Motivating and mentoring
All teams pass through slumps in confidence and optimism. This may, for example, follow the loss of a loved and respected team colleague through, say, retirement or moving on to a new job, or it may become evident after a long period of minor accretions of discontent.
These are the moments when a nurse administrator is called upon to motivate a team or individual, conveying an ‘I believe you can do this/overcome this’ message with conviction, remaining attuned to the sense of despondency that may impede hope and optimism while also challenging it.
On other occasions, nurse administrators mentor their charges to encourage and bring out their best potential. This task becomes more successful when they routinely show kindness to employees and acknowledge that there will always be occasions when ‘external’ matters related to, say, nurses’ private lives may impact them at work. Compassionate mentoring through troubled times often generates gratitude and renewed commitment when the troubles ease.
Conclusion
The nurse administrator role isn’t for everyone. Many nurses enjoy working in direct patient care and are reluctant to relinquish this for managerial roles.
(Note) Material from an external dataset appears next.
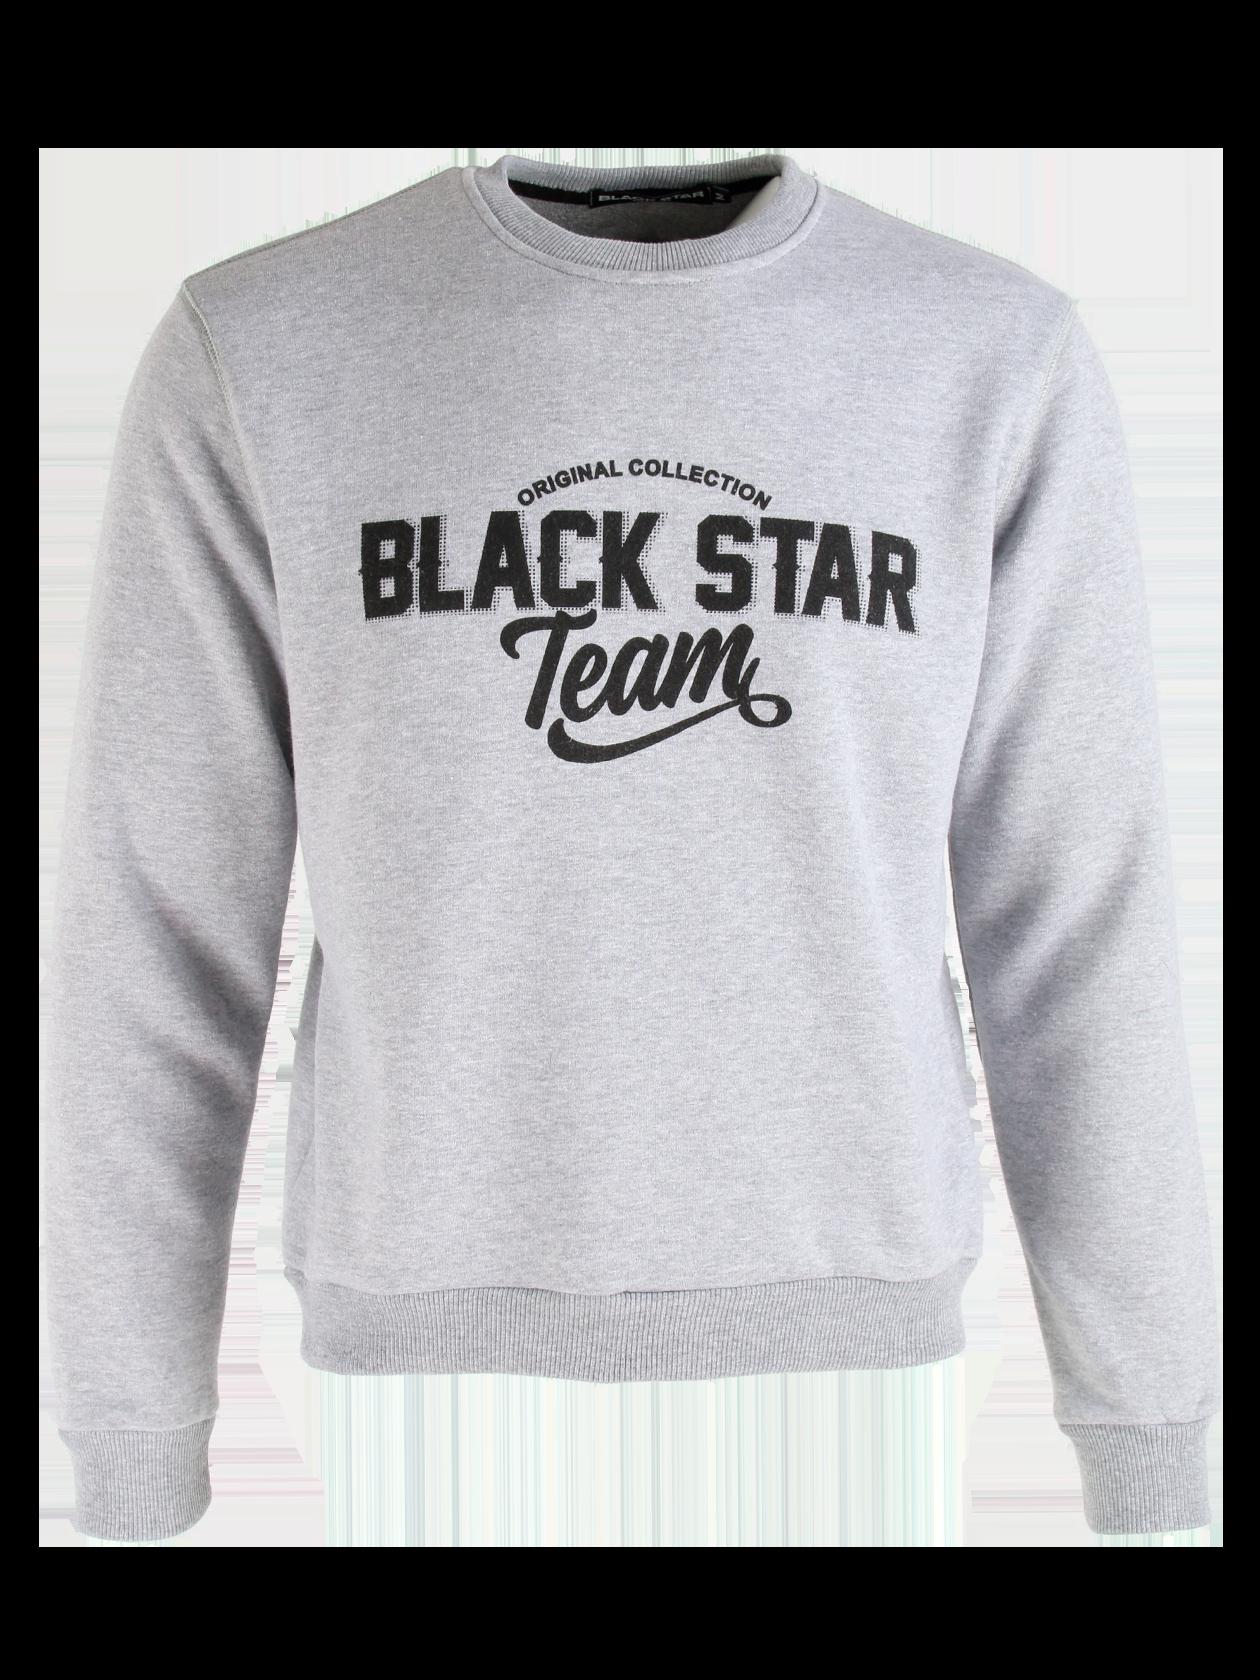 Костюм спортивный мужской Black Star Team
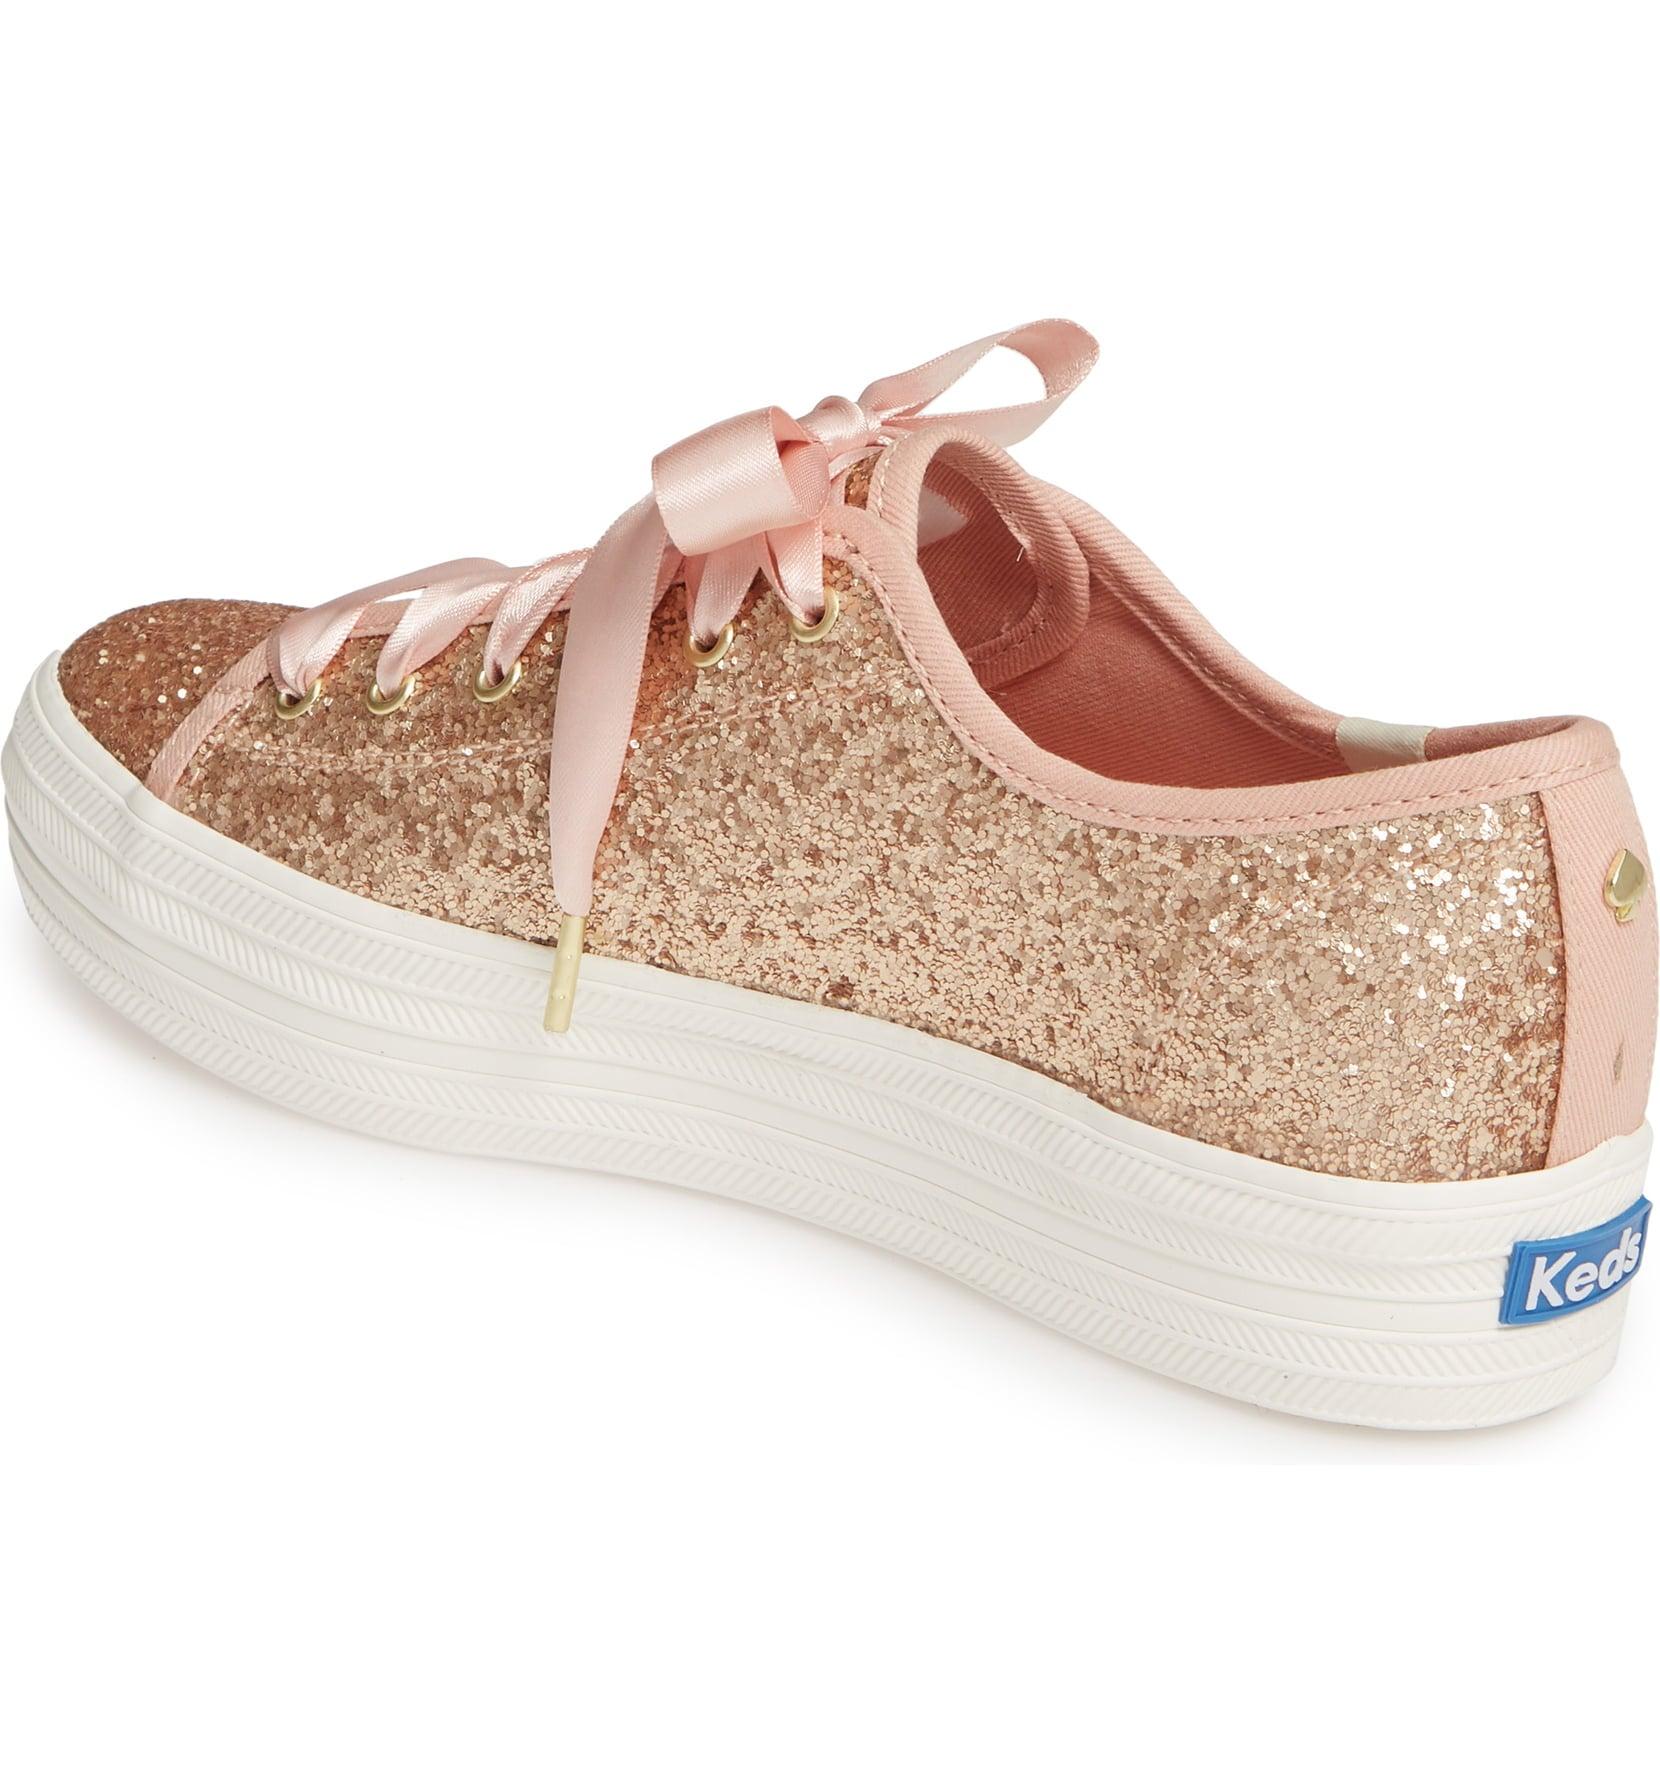 kate spade rose gold sneakers

However, those capable of systemic thought, who can apply the insights (and compassion) honed during their training and subsequent patient care experiences, and who have gained advanced credentials (Master of Science in Nursing/MSN, or doctoral degrees such as a Ph.D. or Doctor of Nursing Practice/DNP) required for more senior, managerial positions, are likely to thrive in nurse administrator roles.
The nurse administrator role is challenging, yet it has become a crucial, if not critical, one for delivering effective healthcare systems and high-quality patient care, and it takes a special type of person to shoulder all the duties and responsibilities within it.
For those drawn to this unique role because they recognize the aptitudes described herein themselves, now may be the time to enroll in the advanced degree program that offers the key to entry.